Ай, Анлен, не надо мне втолковывать – понимаю я «жизненную важность» твоей затеи. Что будет по возвращении черного нулевика – представить можно. Резко ускоряются горные процессы, вымирает вся живность, разумная и неразумная, во все стороны расползаются полупризраки и призраки, истребляя на своем пути все уцелевшее. А на закуску солнце заливается активной тьмою, луна туда же, и наступает полный хаос, из которого можно начинать творить новый мир по своим вкусам и прихотям, а они ну никак не подходят никому из нынешних, а хотя бы и подходят – все одно заценить будет некому. Намеки на такую картину мелькают в легендах и книгах, но все вместе – страшно даже представить. И кстати, экспедиция наша тоже становится не нужно по причине полного несоответствия объекта условиям жизни. Конечно, с богом зла потягаться – дело почтенное, но маловероятное.

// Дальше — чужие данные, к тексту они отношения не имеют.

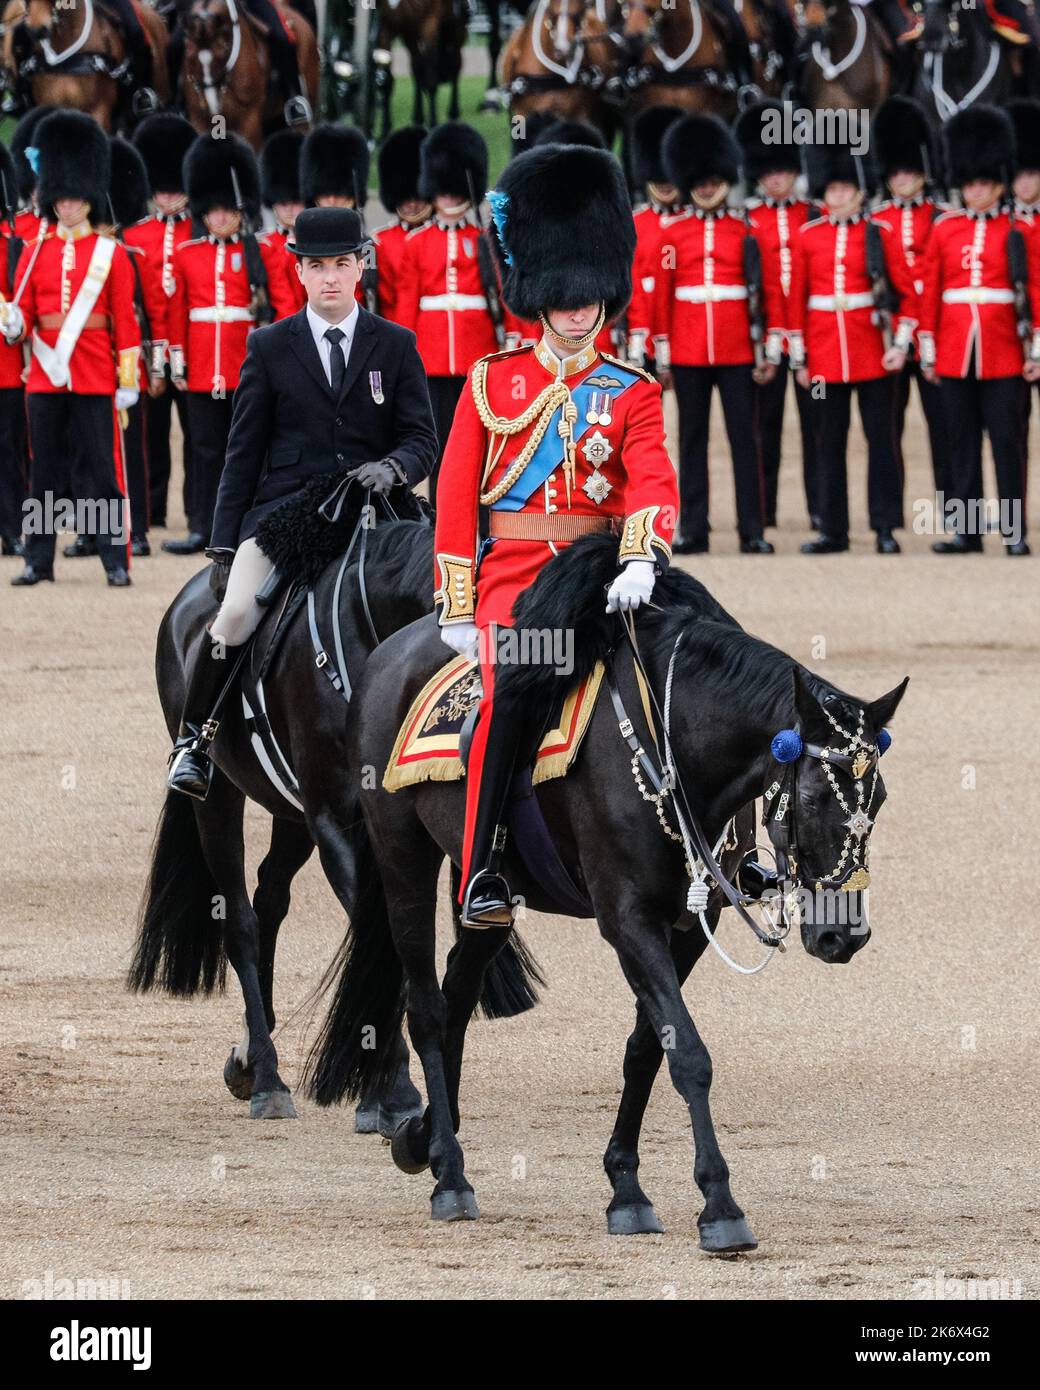 Prince William, now the Prince of Wales, in  ceremonial uniform of the Irish Guards on horseback, the Colonel's Review,  Trooping the Colour, London Stock Photo

– Слушай, красавица, а что ты собираешься в этих Запретных Долинах делать?
– Еще не знаю, но они очень важны. Мне кажется, что именно оттуда Друг тянет спиральную дорогу, по которой ищет в бесконечности изгнанного покровителя. По крайней мере, все побочные ветви, которые при этом возникают и доступны моему вниманию, указывают туда. Итак, ты со мной?
– Да, – теперь я отвечаю без особых раздумий. Чего уж думать, сам дорогу выбрал, когда с Серчо прощался. Да и выбор тоже небогат.
Анлен явно рада согласию, и принимается обсуждать детали предстоящего похода. Эти долины находятся недалеко отсюда, дня полтора ходу, но это, конечно, без учета обстановки, и самое ближайшее препятствие – надо пробраться через кордоны вокруг этой долины. Разъясняет это Анлен и критически разглядывает мою одежонку – не годится моя роба горняцкая, я и сам это знаю.
– Подожди здесь, – говорит она, – я ненадолго, добуду кое-чего.
Она кладет на меня короткое заклятие, которое я даже не успеваю понять, и отбывает, не так уж ненадолго, часа три ее нет. Я и придремнул немного, а потом слышу голосок Анленовский:
– Все удачно, сейчас преображаться будем! – и из-за камня в меня летит куча тряпья, в которой с некоторым трудом можно узнать урховскую обмундировку, от нее разит аммиаком и гнильем. Противно на себя эту дрянь натягивать прямо до озноба, я недовольно бурчу:
– Почище чего нашла бы, не было, что ли?
– Вот именно не было. Грязнее – пожалуйста.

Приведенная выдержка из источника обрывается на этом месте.